So I’ve been debating all day whether I should share the 20% coupon code for The Perfumed Court, where I get all my niche and hard-to-find fragrances, or if I should protect the sanctity of my signature scents (say that five times fast) and keep mum. In my benevolence, I’ve decided to share with you the codes (TPCanniversary for 20% off on August 1st, TPConeyear for 10% off through August 11th) BUT with the caveat that if you live anywhere near where I live, work, know people, know people who know people, or maybe someday might want to visit because I saw that picture in that magazine about the thing once, that you’re not allowed to order the following perfumes.
The Top 5 Perfumes You Are Not Allowed to Order During the 20% Off Sale at The Perfumed Court:
1. Ormonde Woman by Ormonde Jayne. Out of all the perfumes you’re not allowed to buy, you’re not allowed to buy this one the most because it’s the hardest to find and the easiest to recognize. Composed by Linda Pilkington for Ormonde Jayne, the teensy tiny niche perfumerie in London, Ormonde Jayne Woman is my favorite year-round scent, a lush forest of black hemlock that’s almost hatefully beautiful. It’s the smell of snow and violets crushed under the runners of Catherine the Great’s sledge and I love it so.

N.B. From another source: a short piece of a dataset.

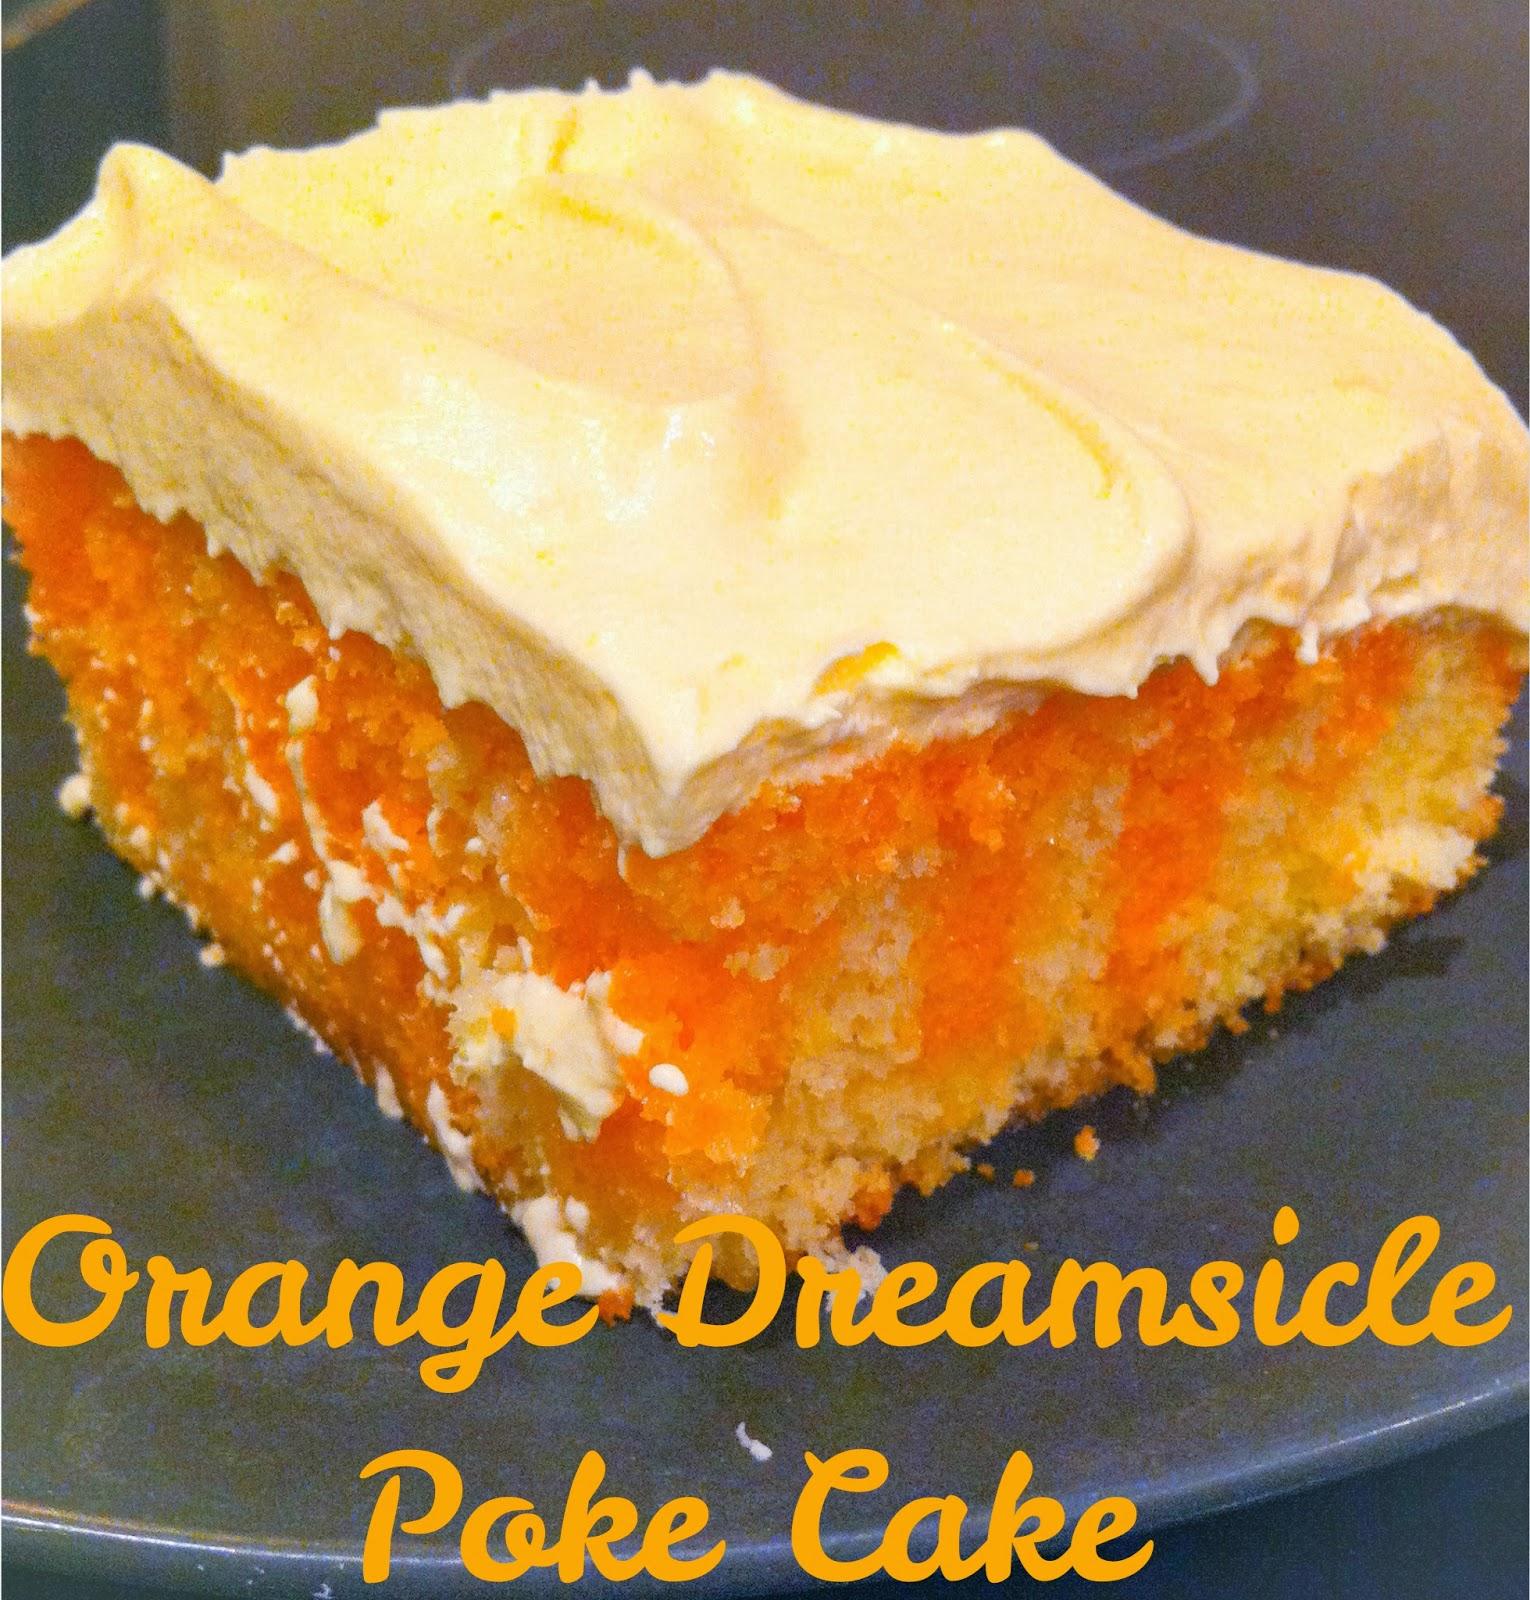 Orange Dreamsicle Poke Cake- Alohamora http://alohamoraopenabook.blogspot.com/

2. L’Eau d’Hiver by Jean Claude Ellena for Frederic Malle Editions. This is only number two because you can actually buy it in the United States (exclusively at Barney’s I think) otherwise it would be number one with a bullet. This is, simply put a dizzyingly gorgeous, pristine winter scent and if you wear it around me so help me I will shiv you faster than you can say Guerlinade. Clean but not “clean smelling” It is melted snow, fern, bergamot and lovely, lovely hawthorn.
3. Angélique Encens by Creed. If you have ever been in an empty cathedral at three o’clock on Christmas morning with half a fortune cookie in one pocket, I don’t need to tell you what this smells like. Actually, if you’ve ever been in an empty cathedral at three o’clock on Christmas morning with half a fortune cookie in your pocket I want to be your friend and buy you beer.
4. Jasmin et Cigarette by Etat Libre d’Orange. I don’t smoke. I’ve never smoked. The closest thing I’ve ever come to smoking is swinging the censer at church, but I’m not even allowed to do that anymore since I’m a bit, um, overzealous, but seriously…that’s what insurance is for. There’s just something a little dirty and glam about this, the only ELO fragrance that doesn’t make want to murder myself (their Magnificent Secretions smells like violated corpse. Srsly.) it’s the morning after the night before in all its filthy glory.
5. Bigarade Concentrée by Jean Claude Ellena for Frederic Malle Editions. Bitter orange. So. Much. Bitter. Orange. It’s like a riddle. How much more bitter orange can it be? And the answer is none. None more bitter orange.